Just a little farther and I crossed paths with a blue and white cafe sign sticking up above the flat horizon. I pulled off the 54 onto an empty gravel parking lot and pushed back against a wooden hitching post. At the time, it seemed to me that a motorcycle or a tied-up horse would be safe at the railing in the former cow town.

The building had definitely seen better days, and not recently. The cafe’s low exterior walls were encased in fading green stucco. The flat roof supported three or four swamp coolers, probably a necessity, given the area’s hot summers.

Thankfully, I didn’t see a window sign advertising the name of the joint as “Mom’s”. One of my road rules dictates that I never eat at a place called Mom’s. At the very least, it would be a safe bet for a bit of grub and a quick coffee to fight the fatigue. I’d be back on the road in no time.

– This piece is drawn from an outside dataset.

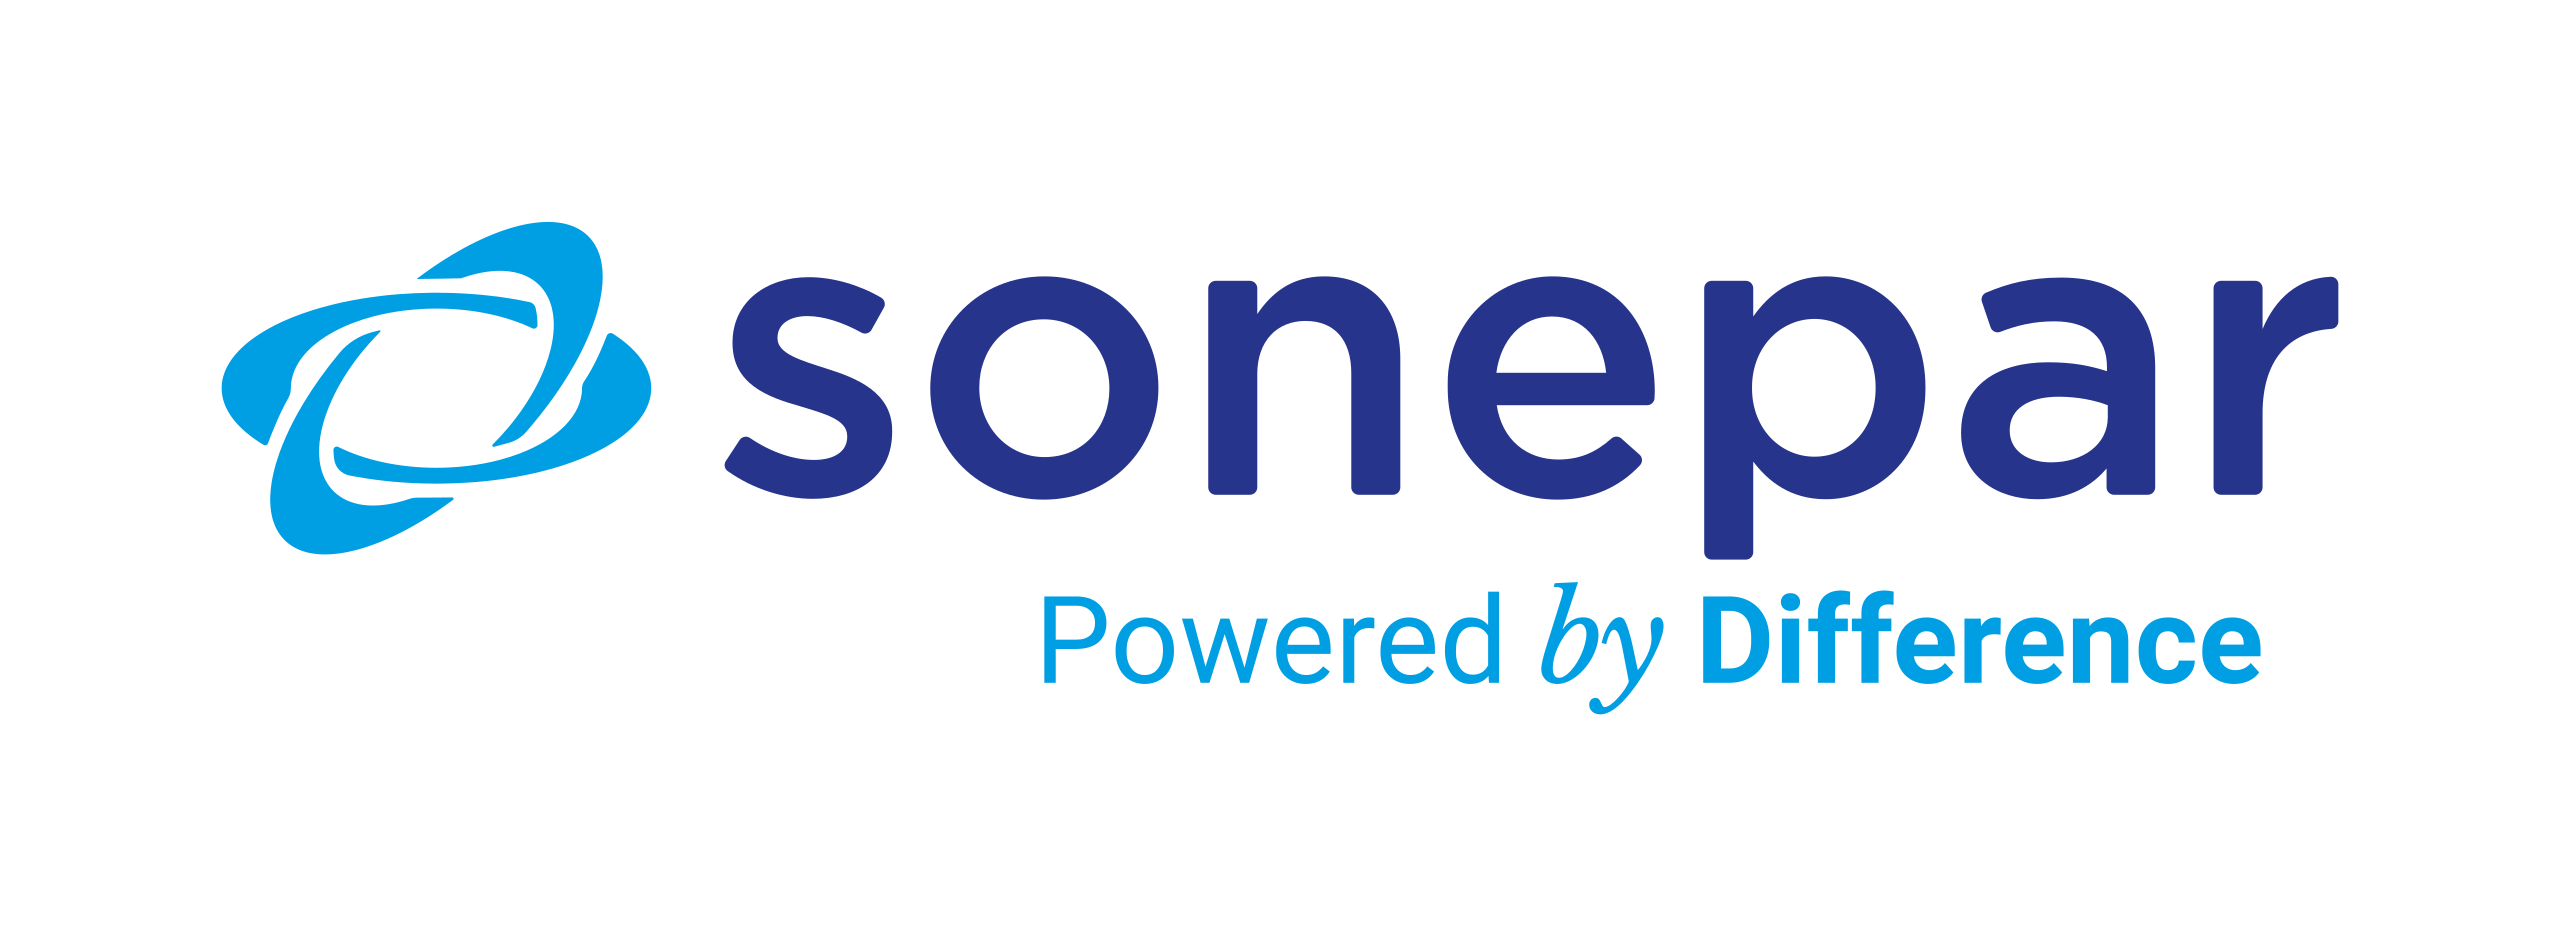 Sonepar logo CMJN Tagline

Now that I had ridden into daylight, I didn’t want to burn any on my run south.

I entered through the side door and took a step down onto a cement floor – thus the reason for the low roof-line. A couple of small tables lined the wall under the windows. I headed for the low counter and took up a short chrome stool covered in beat-up, worn-out, thick plastic. If nothing else, I could carry on a little conversation with the woman behind the counter while I drank coffee and warmed my hands.

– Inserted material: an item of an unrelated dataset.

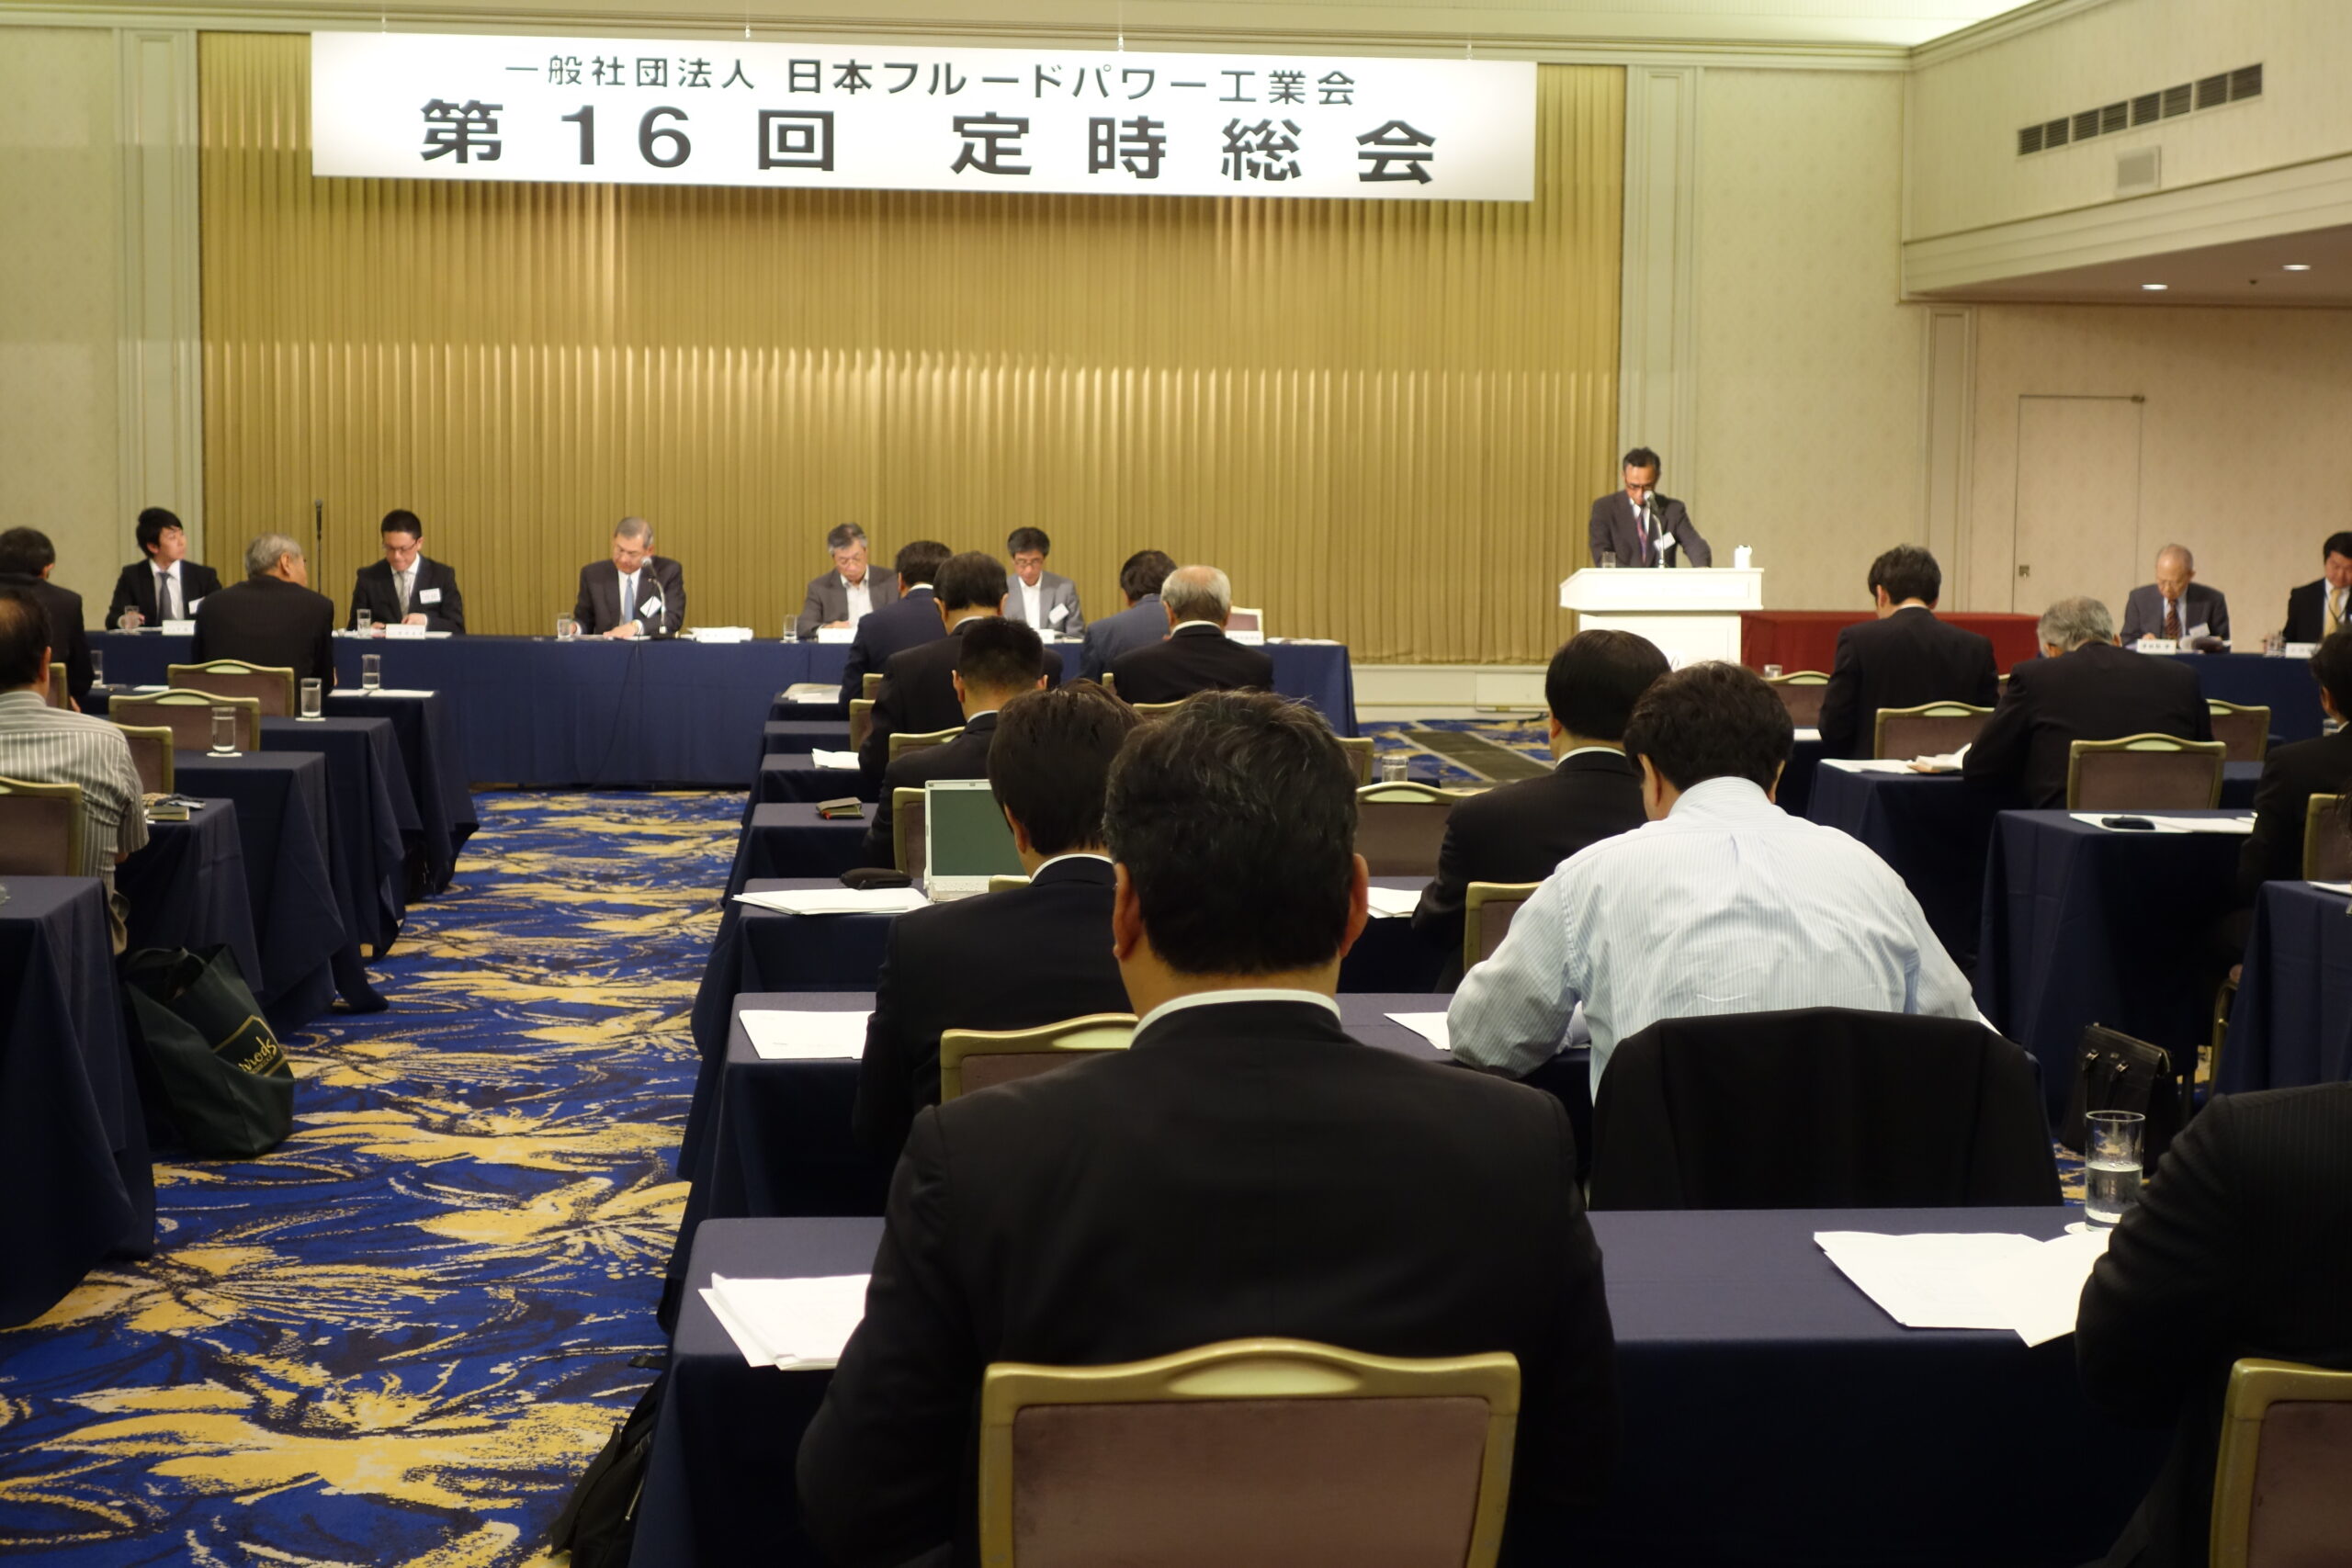 日本フルードパワー工業会 第16回定時総会開催 次世代の育成に重点

She poured the coffee and slid one of those old-style, squat, over-sized china mugs with the thick, rounded handle only big enough for one finger in my direction and raised an eyebrow. I shook my head and poured in a little sugar. While I stirred, I investigated the surroundings, and then turned back to face the woman. She sat in front of the old cash register on the opposite side of the counter.

I took a gander at what was inside the pie tray and asked if it was fresh. She said yes, and got up to go into the back. She returned holding a hot metal tray with a dish towel.
That’s fresh, I said, and in front of me she sliced a piece and dished it out. Without a word, the woman went back to the kitchen and came out bearing a giant scoop of ice cream.

I grinned, and said thanks, and she smiled and told me I was welcome.

Her smile was friendly. Nothing more.

That broke the ice, and we kibbitzed back and forth, she from her chair behind the counter, and me from the stool in front. I took a better look and figured she was probably in her late twenties or early thirties, with that tired look around the eyes that comes from gaining too much life experience, too young.

Yes, her face was framed by dark hair. Dark brown eyes reflected the light coming in from the windows. I was so stunned that I don’t recall checking out the rest of her. I couldn’t tear my eyes away from her face.

I did when she started to blush.

Sorry, I told her, I couldn’t help it. Like that was some kind of an excuse. Now I was the one embarrassed.

That’s all right, she replied. It happens sometimes.

She came up with the usual questions. Where I’m from. Where I’m headed. How long on the road this time.

This time. I noticed that.

I volunteered the usual answers, but got stuck on this time.

She noticed that.

I chose to ignore her and instead turned the talking in the direction of some of the places I’d been and the people I’d seen. She not only kept up with me, but managed to get as many laughs from me as I did from her.

I’d call us about even, but not in a Mexican standoff way.

When it came time to go, I really didn’t want to, but you know how it goes.

*

Over the years, I made a habit of stopping by on my way through many times. The stucco had been covered with siding, but everything else was the same. So was she. I liked that.

She would be there, sitting behind the counter. She served the coffee, brought me pie and ice cream, and smiled and laughed when the conversation eventually picked up the rhythm from where we left off.

Then I met a girl and settled. Not for long, though.

When I unsettled, I discovered the small cafe closed and locked. Shuttered permanently against the lonely traveler headed down life’s highways, the cafe and its owner now turned into only a fading memory.

I miss that place. Even more than that, I miss the friendly recognition and the smile and the laughter that came along with it.